Impressions before reading: Although it's as easy to muck up as anything else, I've always been fond of the "the masquerade" as a premise; the idea that there's a dark, usually undead-filled world to which only a few are privy, and which is (either voluntarily or forcibly) kept from the awareness of the average person, is one that provides plenty of potential for action, intrigue, mystery, and drama. So right off the bat, I'm interested to see how this take on Twilight having a secret life plays out.
Zero-ish spoiler summary: In the years since her parents' untimely death, Twilight has filled her sleepless nights with work for the Night Shift: a shadowy organization run by Princess Luna, dedicated to keeping demons, vampires, and the like from harassing Equestrians. But she finds that there are some disturbing connections among her jobs, which all seem to be part of something much, much larger...
(worth noting: this fic was begun before season 3; set your expectations for canon-following accordingly)
Thoughts after reading: There are a lot of dark fics in this fandom, and some of them are extremely good (there's a sentence that says something!). And one thing all good dark fics must address in some way is how to reconcile their tone with, well, My Little Pony. Finding a way to place dark events in Equestria is the primary challenges specific to the genre, in fact.
Night Shift does a reasonable job of explaining Twilight's grim cynicism, but where it falls short is in its portrayals of Equestria at large. JawJoe paints a very bleak picture of Equestria generally, and there is not a single major or minor character here who doesn't have a tortured past, deep-seated self-loathing, serious emotional baggage, a history of physical and/or emotional violence, or all of the above. Even the most "lighthearted" of characters, such as eternal drag-along (and vampire) Vinyl Scratch, are saddled with plenty of guilt, heavy-hanging deeds, and most of all, cynicism.

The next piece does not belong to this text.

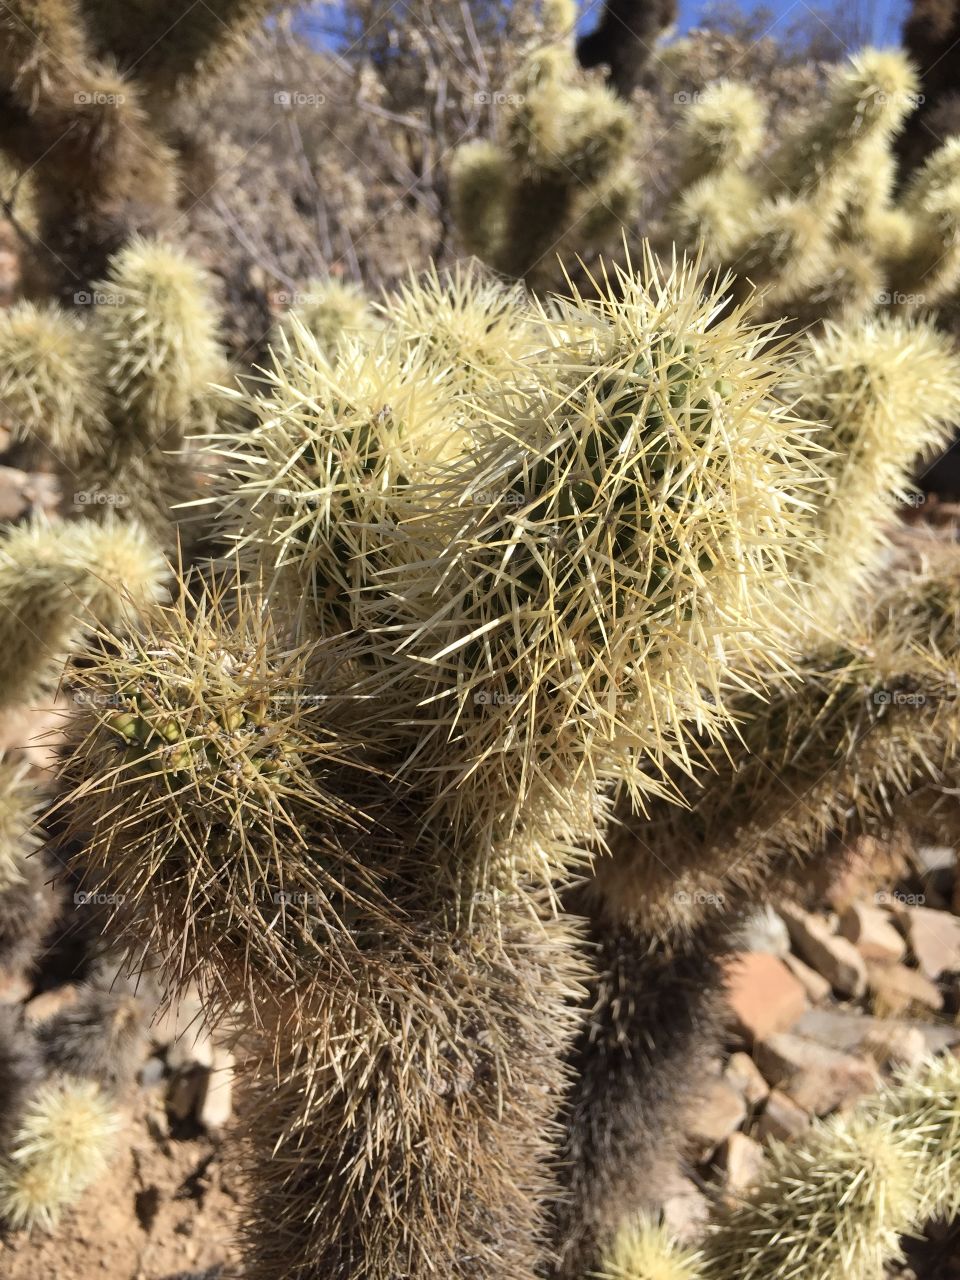 Desert Museum in Tucson, Arizona. “Teddy bear” cactus. You can look but don’t touch!

In fact, "cynical" is perhaps the best word to describe this story. Every single character in it shows a tremendous amount of world-weary, jaundiced pessimism towards... pretty much everything, really. For any individual character, this works; again, Twilight's given a perfectly good reason for acting the way she does. But when this extends to literally every character in a large cast, then the constant bleakness not only becomes wearying, but also draws an uncomfortably clear distinction between this story and the setting it's nominally making use of. Simply put, this doesn't feel like Equestria after a while.
That's a shame, because there are a lot of things here that worked individually. Trixie's role in the story adds a pleasant level of snark to an already-interesting arc (although she ultimately succumbs to the fic's need for everyone to have a tragic, grim history), for example, and in fact almost all of the individual arcs are well-paced and interesting. The notable exception is a, for lack of a better term, dream sequence which drags on through fully a fifth of the fic's verbiage; despite having lots of important character stuff, I felt pretty strongly that 1) the same could have been expressed in half the words without any loss due to compression, and 2) the sheer length of that sequence dramatically bogged down what was, otherwise, a story which made good use of alternating action and building tension.

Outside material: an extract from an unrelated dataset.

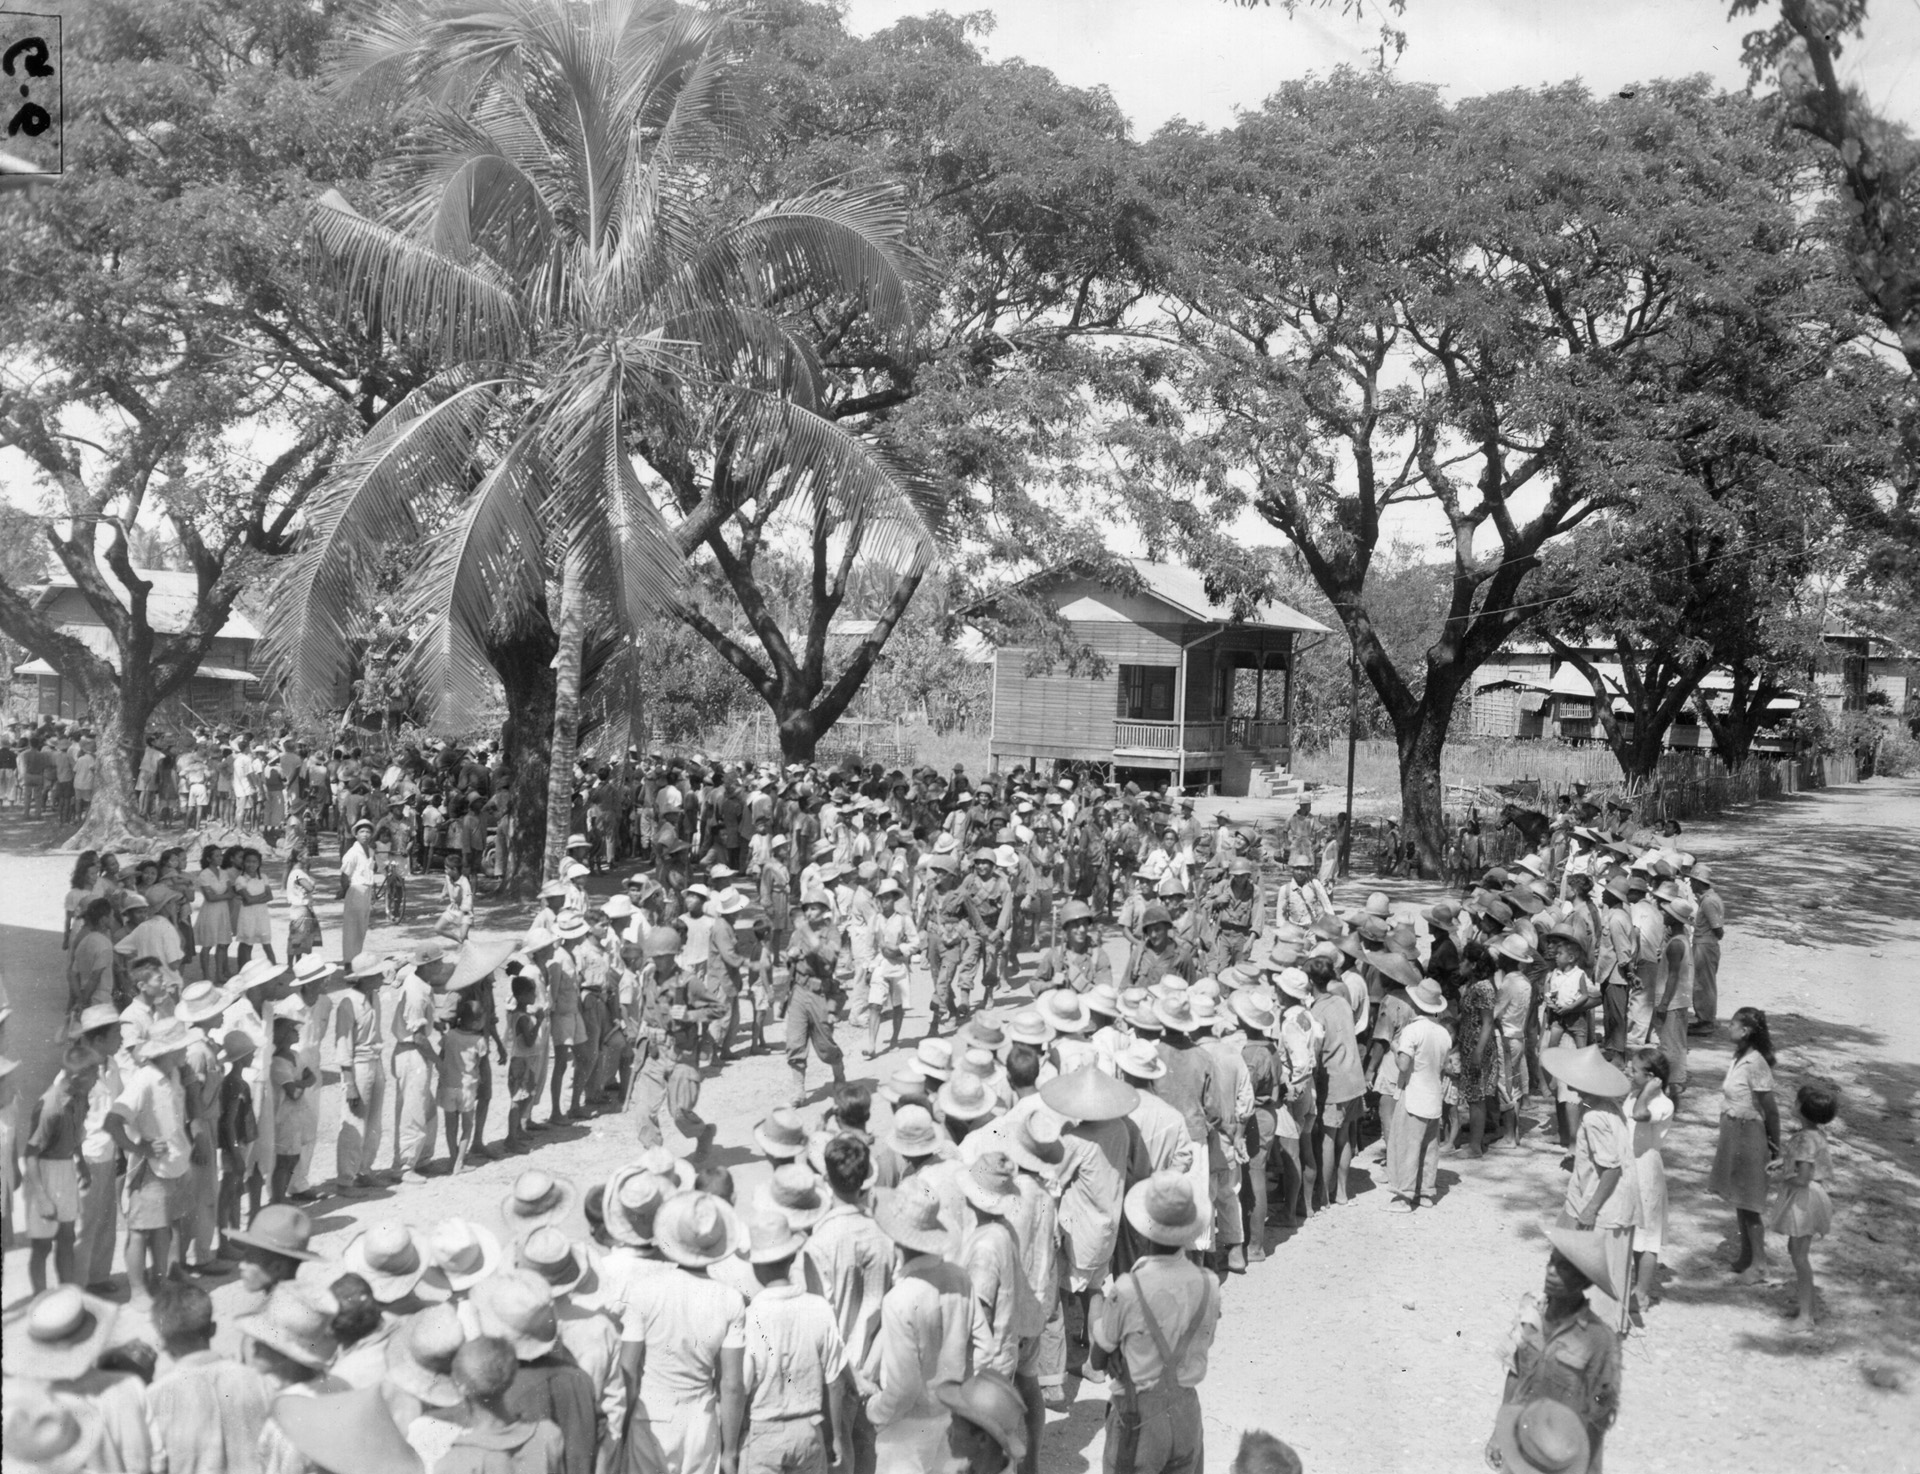 During the liberation of the Philippines on January 29, 1945, American troops are welcomed by the townspeople in the village of San Marcelino on the Bataan Peninsula. The land campaign to wrest the Philippines from Japanese control began in the autumn of 1944.

Although the various arcs may have worked for me, I found the mystery of what connected them less enthralling. A lot of this was that I was bothered on more than one occasion by Twilight seemingly reaching conclusions based on the author's knowledge of where events were leading, rather than anything that was in the story or based on her past knowledge. I felt like I had to spend a fair bit of time playing catch-up to Twilight, not because I'd forgotten some key detail, but because the only way to guess what her motive was was to project ahead to what the next revelation or two would be (For example, trying to figure out why Twilight was shocked that Luna would go to such lengths to protect somepony's "terrible secret"... when said pony's terrible secret hadn't been revealed, or even directly suggested, to that point). However, the ultimate explanation was one I found interesting, suitably dramatic and grandiose, and generally satisfying. It's true that the ending is also awfully hollow, with the primary conflict more "put on the back burner" than permanently solved, but there is at least a hint that the characters can go back to being... well, to being the broken cynics they started the story as, anyway.
★★☆☆☆ (what does this mean?)
Leaving aside the possibility that I was biased by the fact that, not three paragraphs in, this story is already taking pot shots at CYOAs, I just found this story wearying. The best dark fics, it seems to me, retain an essential optimism about them; whether they ultimately reward or brutally subvert that optimism depends on the story, but there's at least a ray of hope as you read. Night Shift isn't so much grim as it is, well, cynical, through and through. Every character, every situation, the entire setting is positively suffused with a shrugging assurance that optimism is a fools game, and that it will be (and is) eternally unrewarded. And when there's not a single bit of respite from all that cynicism, it makes it hard to enjoy the finished product.
Recommendation: Although there's surprisingly little humor in this story, considering how snarky Twilight initially comes off, this one might still be worth reading for those who like gallows humor and is looking for a well-plotted conspiracy/apocalypse. People put off by incomplete-feeling endings or tonal malaise will probably be happier with something else.